For the longest of times, they stared into each other's eyes, neither saying a word, Gregor silently begging for her just once (or so) to go along with what he had to say, to try and believe even as she tried to find some way to contradict him, just so that they didn't return empty-handed just to see their mission failed in the wake of their great revelation. But he knew, positively knew, that there was nothing clouding his vision, no disturbing love to make him believe Arthur to be the false bad guy in the situation. He had only his pain left, and all of his angst and mortal turmoil were telling him nothing except the fact that the Viceroy was a very bad man, no matter how he had started out, and nothing but evil would leak out from him onto Luxa and Regalia. He had to be stopped, and Gregor would willingly go to any lengths to do it. As long as he had Eris' help.
And for once in his life, he had never been happier to hear a flier's reply.
"Queen Athena was never especially approving of the ambassador from The Fount. She had many an eye of her inside advisors on he, and still, even after the point where he pledged his life and property and many other things to Queen Luxa, our most valued ally, in proposed marriage, she was suspicious. I will not say that it is quite possible you are jumping to conclusions, but, as you so wish, I will grant you my trust. For the general moment, I trust you to be confident enough that you will not fail. If the Viceroy is as evil as you believe, then we will stop him. And if he is not, then we will stop him. Either way, we will not turn back the moment we leave this cave with intentions. Do you truly wish for this attempt?"

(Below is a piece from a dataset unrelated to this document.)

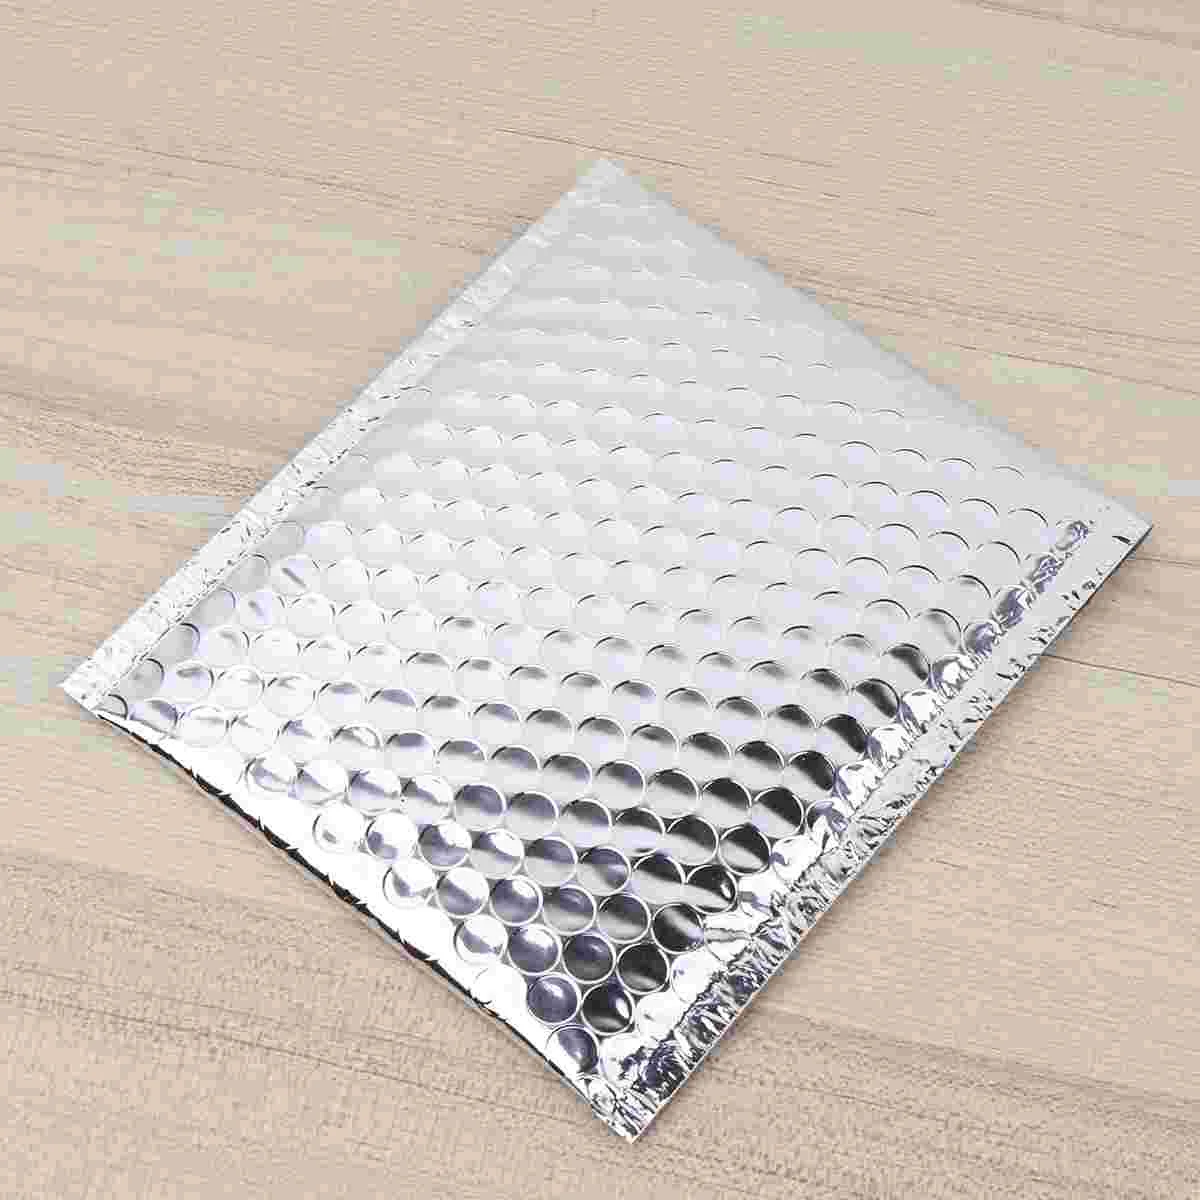 28 Pcs Bubble Bag Shockproof Packaging Metal Small Envelope Waterproof Logistic Express of gift packaging bubble film packing bubble pad shockproof bubble mat cushioning wrap express packaging for packing

"Hell yeah," Gregor said, still thanking luck and trust for siding with him on this one. "Thank you."
"As I'm sure many a person has told you before, thank me when we have killed the perpetrator, or been locked away for destroying the wrong person. Until then, you are leading me forward, whether to doom or triumph. I believe time is not on our side."
"Too right."
"Then we will hasten."
So just like that, Gregor climbed upon Eris' back and began to fly away, back towards Regalia, finally able to fight the power behind Luxa's abduction, after weeks of turmoil, of guilt, of death-ridden devastation. Finally he would kill those who had taken so much away from him. Finally he was on his way to doing something other than looking for something to do, something to help him out as he attacked whatever he could as he ran away. He was done running away, though. Now he was running straight towards, right at the heart of all his problems. He never even stopped to think of how much Eris had just sacrificed, through her own pride and self-reliance, to throw her complete trust behind him at that moment, when he needed it the absolute most.
As she jumped out of the cave, his mind was already back in Regalia.